Eventually, the Commissioner of Internal Revenue (CIR) issued an assessment against ASC
for deficiency withholding tax-at-source. The CIR explained that when the redemption was
made, the estate profited (because ASC would have to pay the estate to redeem), and so
ASC would have withheld tax payments from the Soriano Estate yet it remitted no such
withheld tax to the government.
ASC averred that it is not duty bound to withhold tax from the estate because it redeemed the
said shares for purposes of “Filipinization” of ASC and also to reduce its remittance abroad.

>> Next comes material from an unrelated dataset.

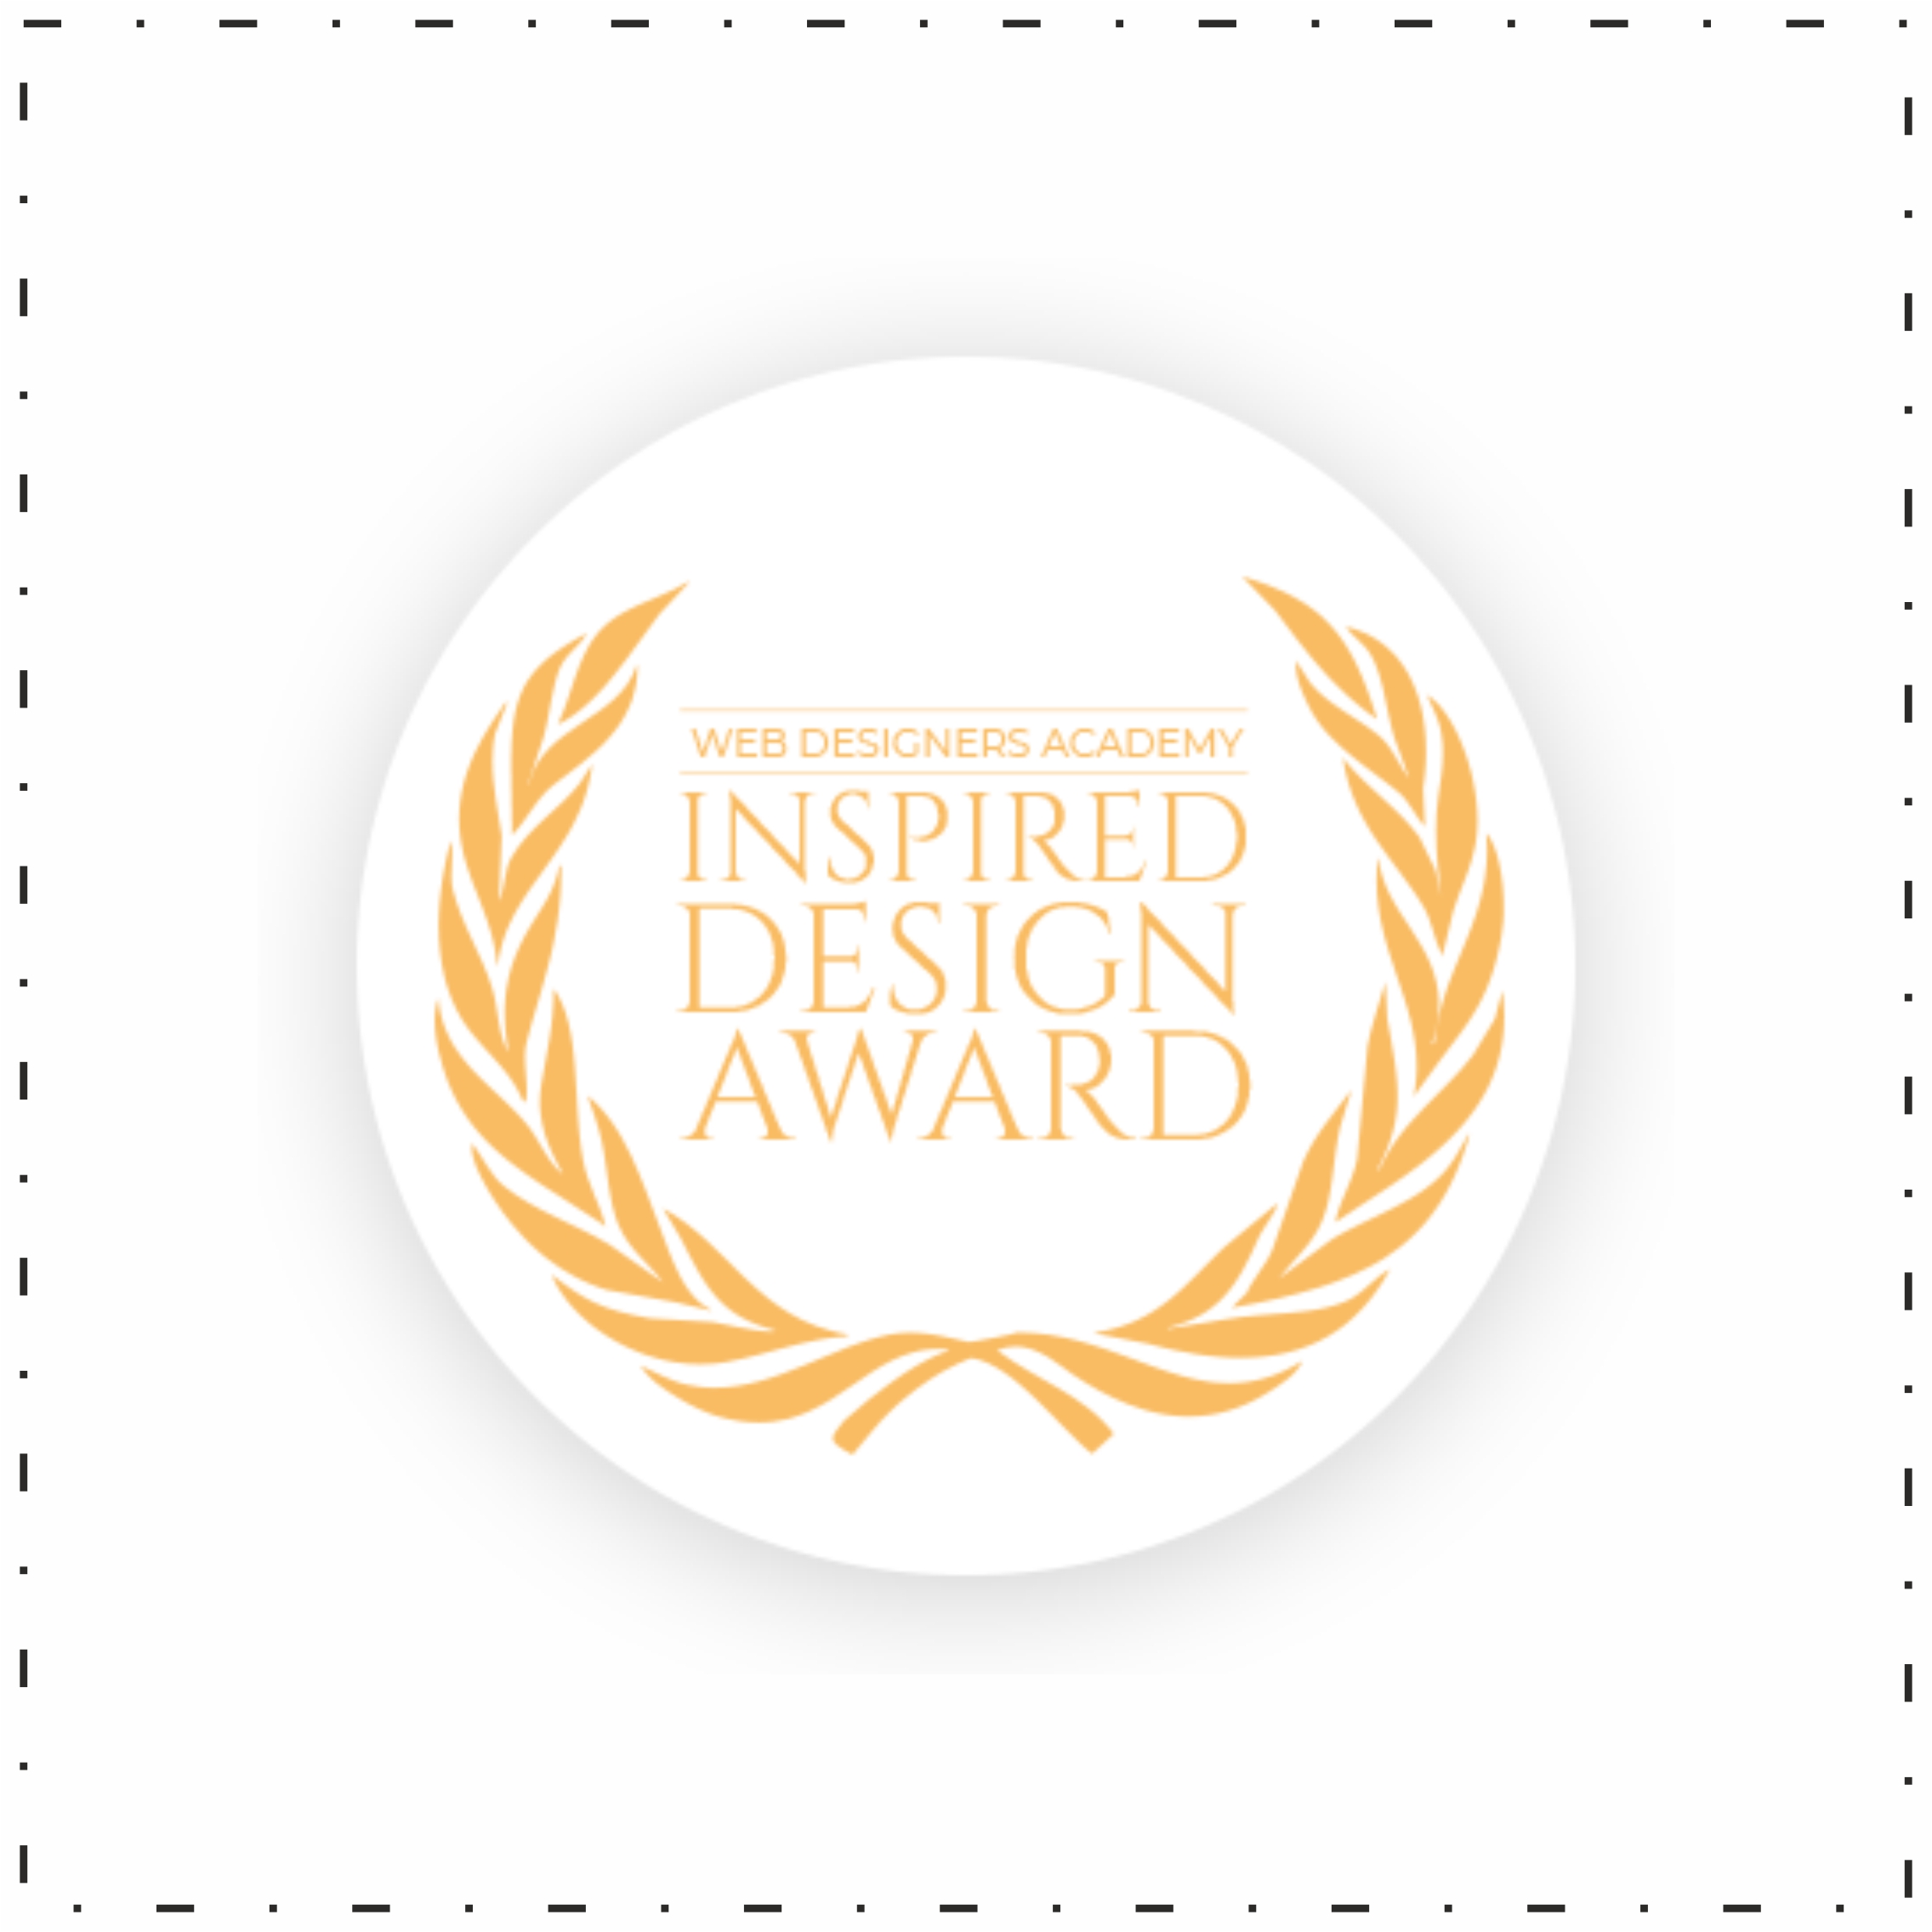 Inspired Design Award 2022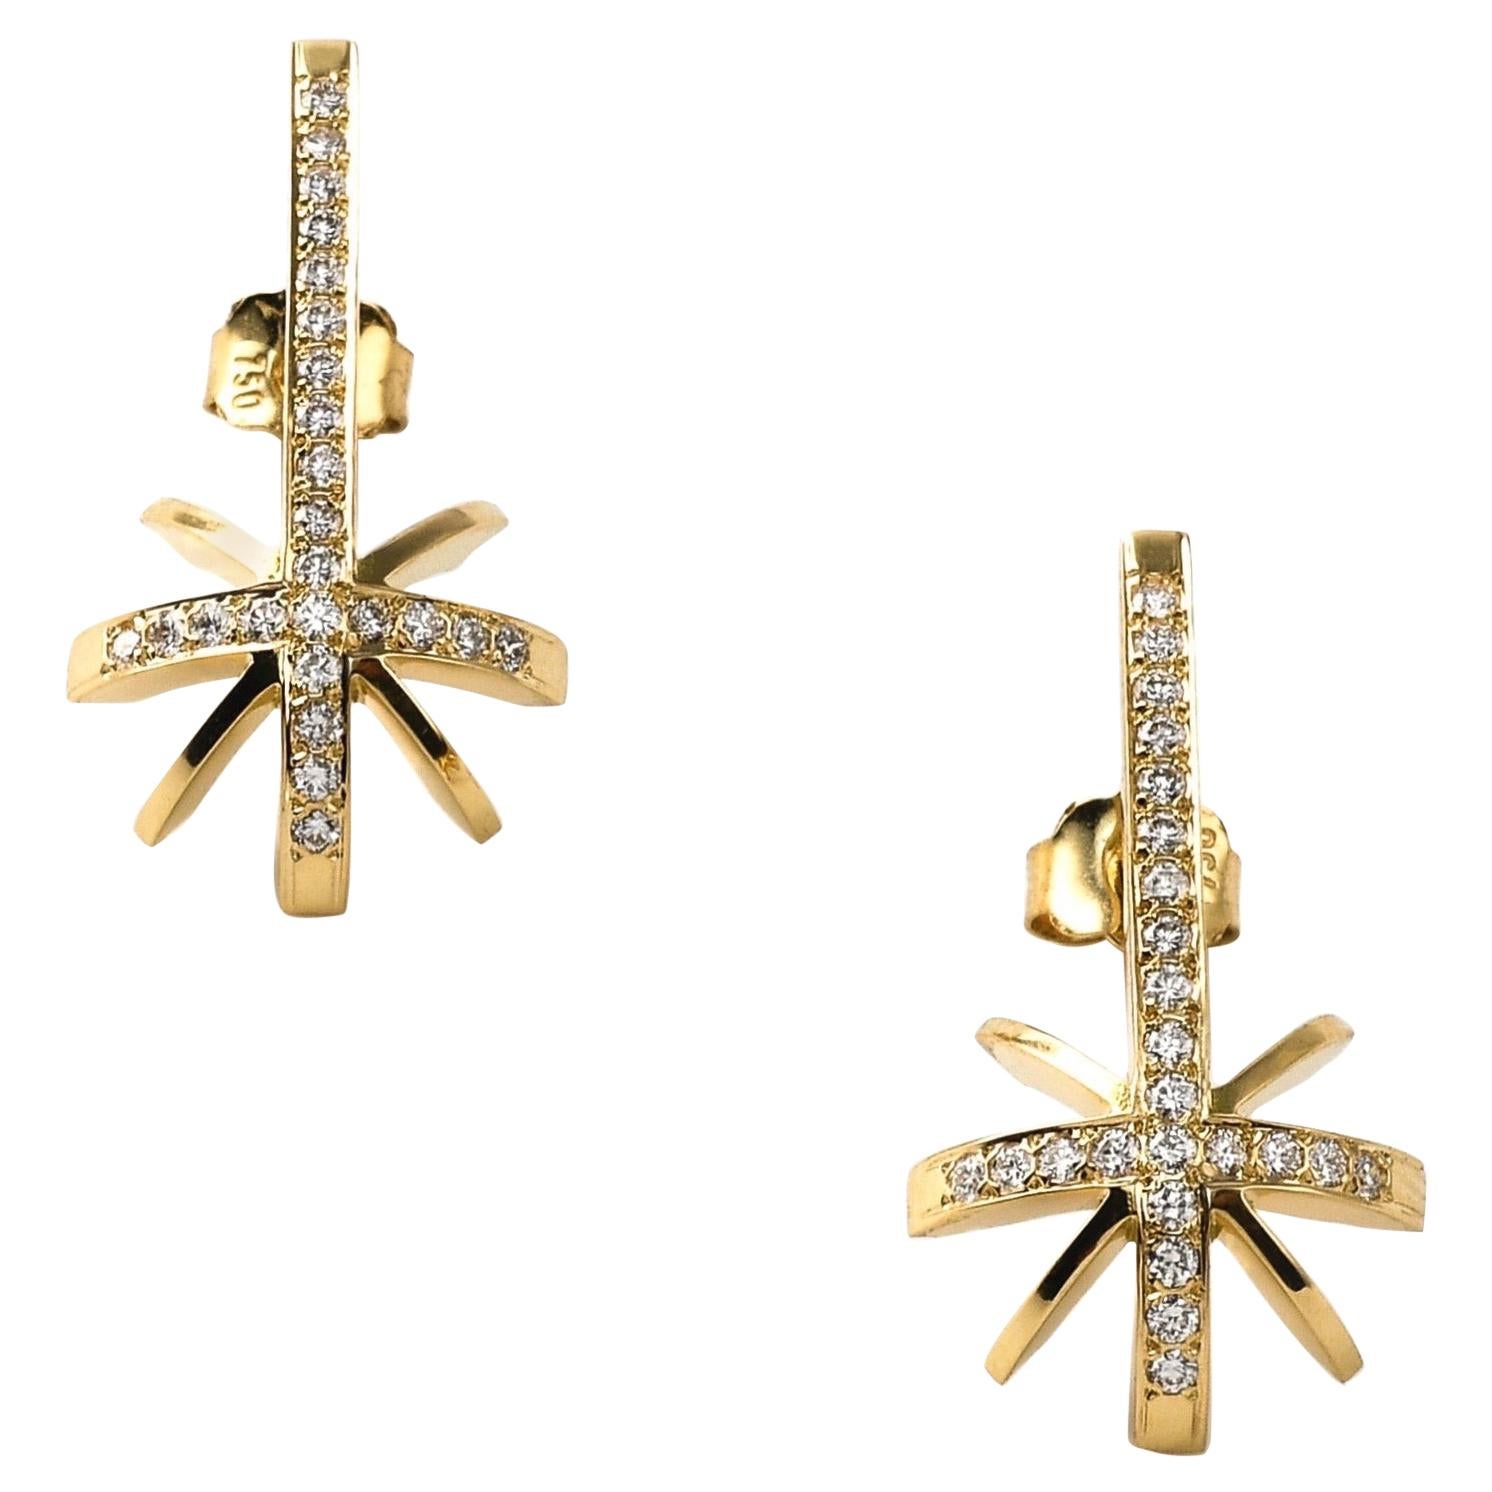 Boucles d'oreilles sculpturales contemporaines en forme d'étoile de chasse en or jaune 18 carats et diamants blancs

ISSUE: Whether or not ASC’s arguments are tenable.
HELD: No. The reason behind the redemption is not material. The proceeds from a
redemption is taxable and ASC is duty bound to withhold the tax at source. The Soriano
Estate definitely profited from the redemption and such profit is taxable, and again, ASC had
the duty to withhold the tax. There was a total of 108,000 shares redeemed from the estate.
25,247.5 of that was original issue from the capital of ASC. The rest (82,752.5) of the shares
are deemed to have been from stock dividend shares. Sale of stock dividends is taxable. It is
also to be noted that in the absence of evidence to the contrary, the Tax Code presumes that
every distribution of corporate property, in whole or in part, is made out of corporate
profits such as stock dividends.
It cannot be argued that all the 108,000 shares were distributed from the capital of ASC and
that the latter is merely redeeming them as such. The capital cannot be distributed in the form
of redemption of stock dividends without violating the trust fund doctrine — wherein the capital
stock, property and other assets of the corporation are regarded as equity in trust for the
payment of the corporate creditors. Once capital, it is always capital. That doctrine was
intended for the protection of corporate creditors.